:: Information shown

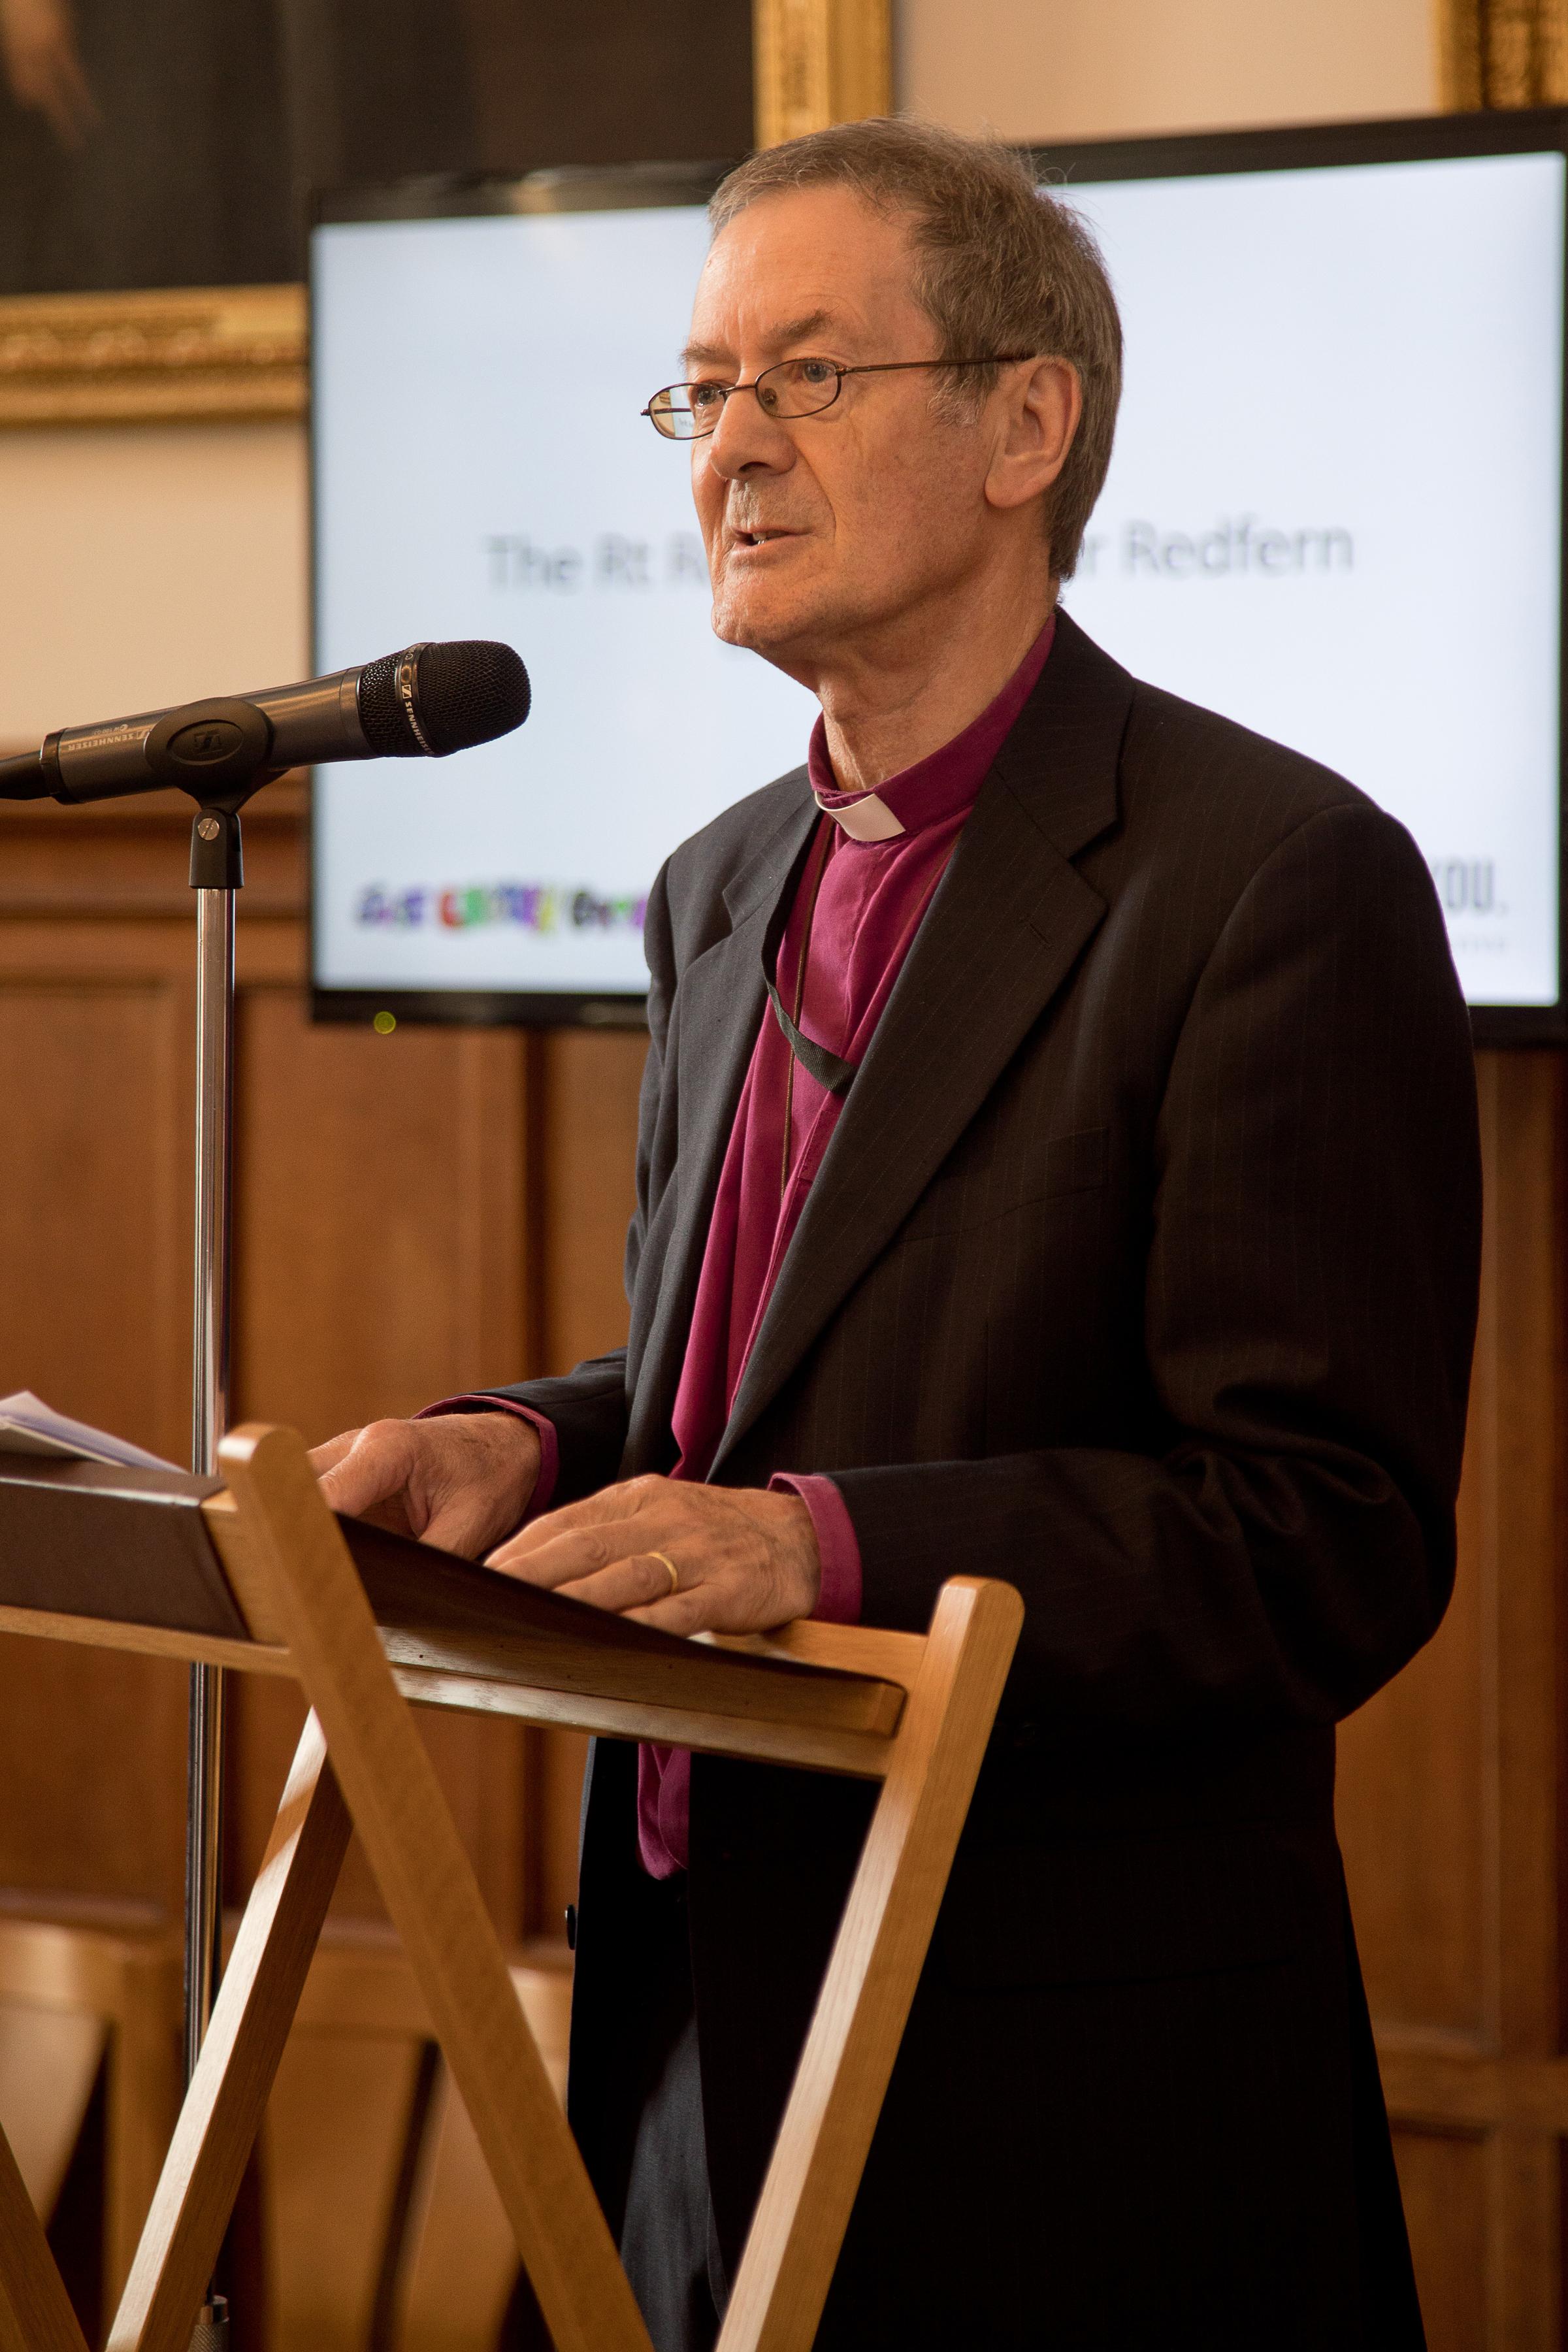 Bishop Alastair Redfern
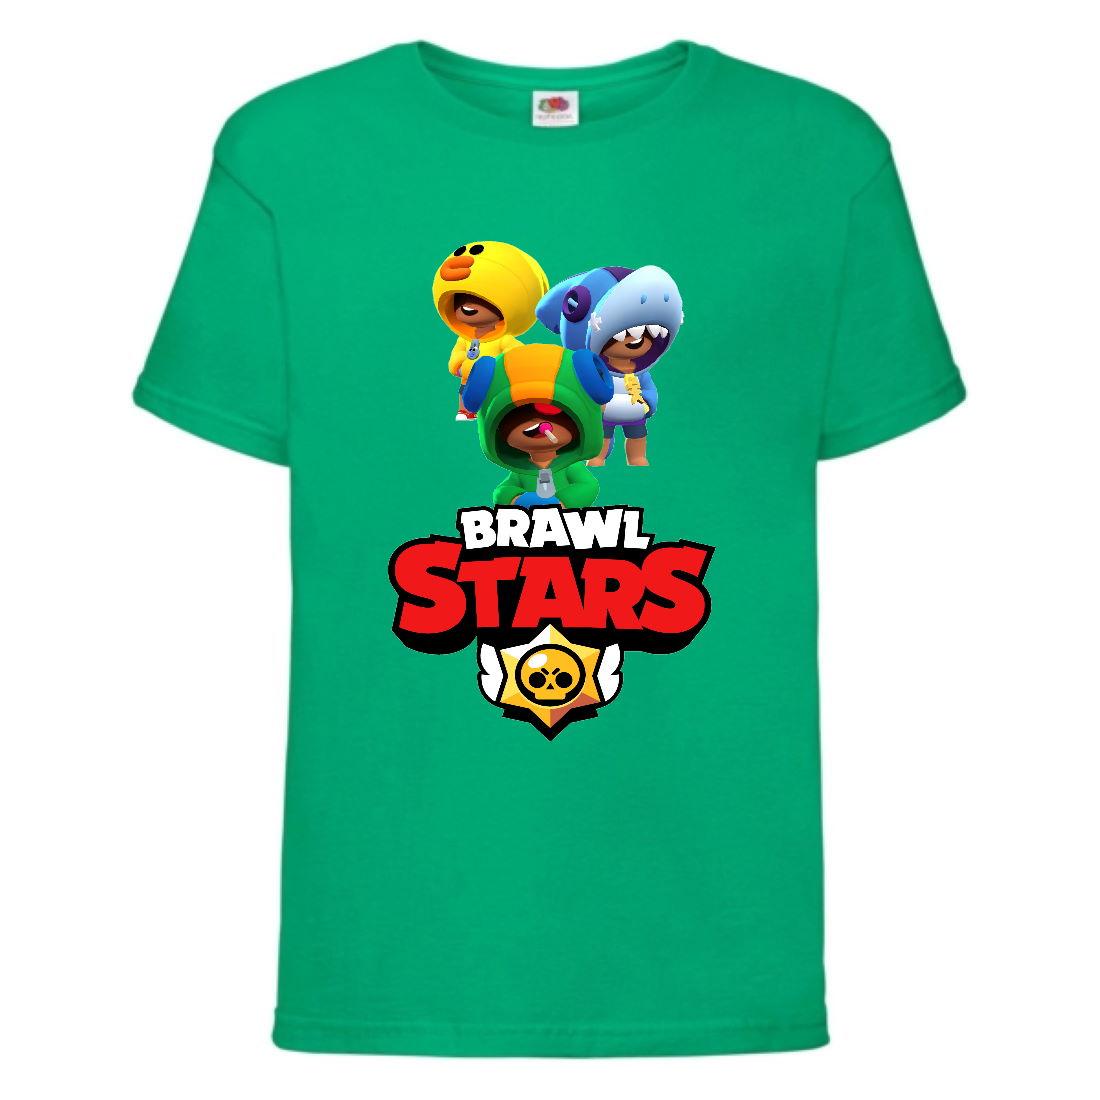 Футболка детская Бравл Старс Три Лиона (Brawl Stars Bea 3 Lion) зелена
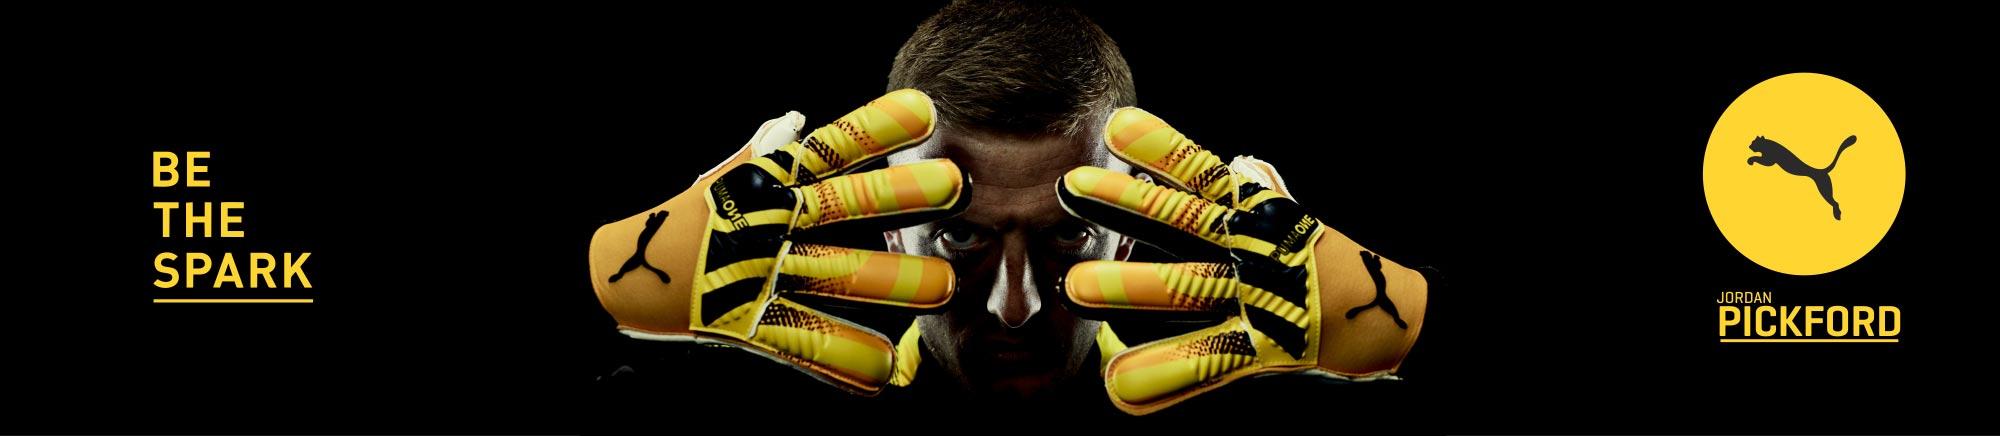 Puma Jordan Pickford Spark Goalkeeper Gloves
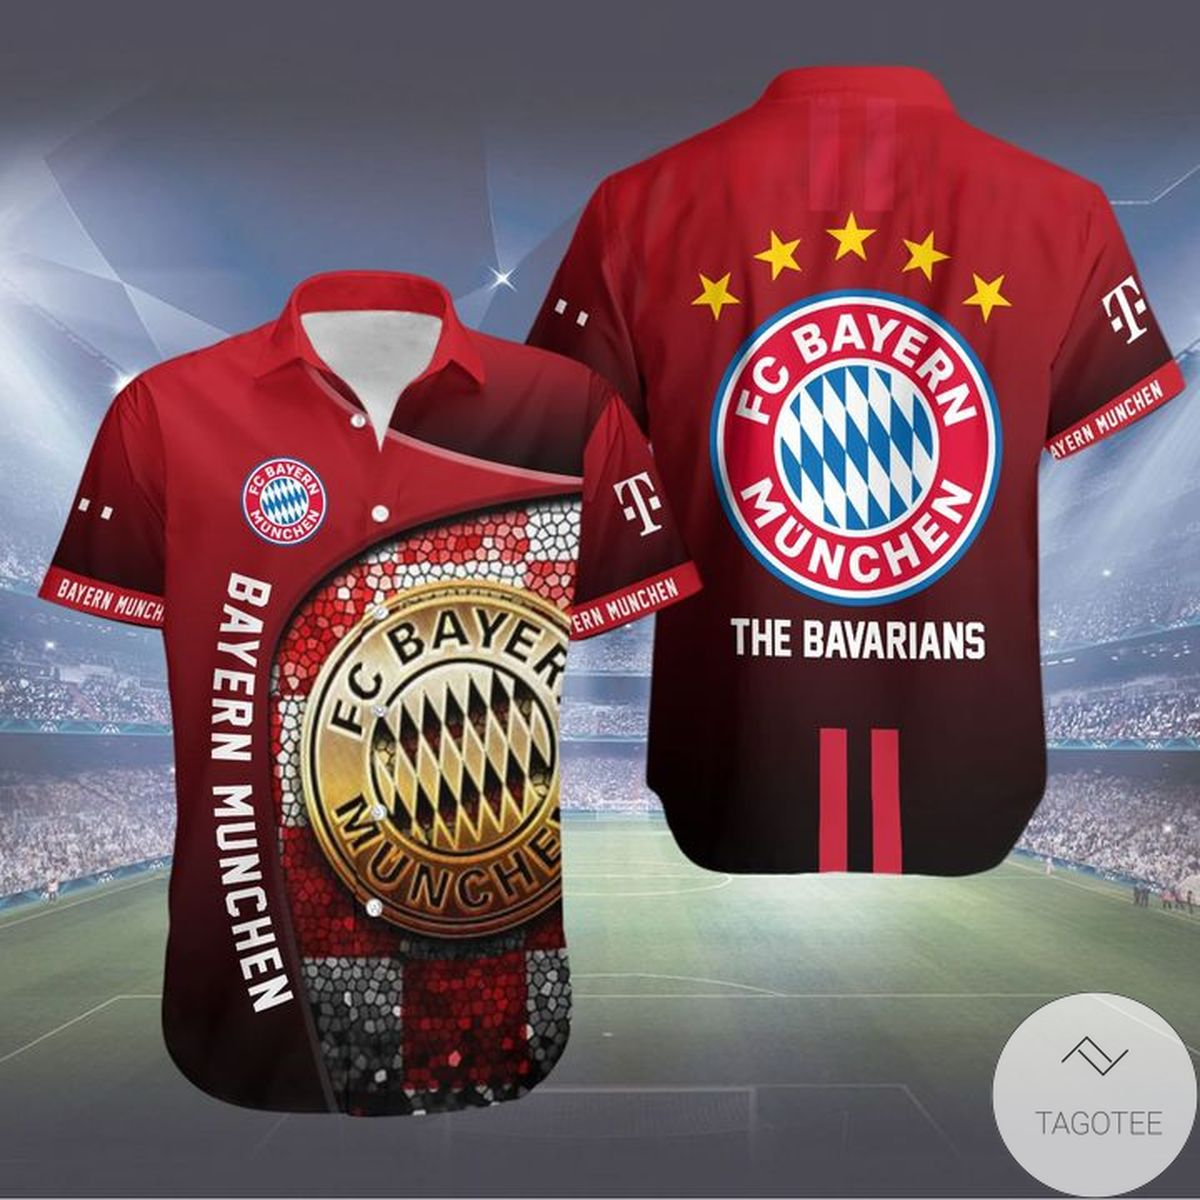 Where To Buy Bayern Muchen The Bavarians Hawaiian Shirt

::::

Assignment ->
Your task is to quote exactly the lines from the one with "Puma Jordan Pickford Spark Goalkeeper Gloves" through the end of the material, both included, without reproducing any pictures.

Output of the task ->
 Puma Jordan Pickford Spark Goalkeeper Gloves
 Where To Buy Bayern Muchen The Bavarians Hawaiian Shirt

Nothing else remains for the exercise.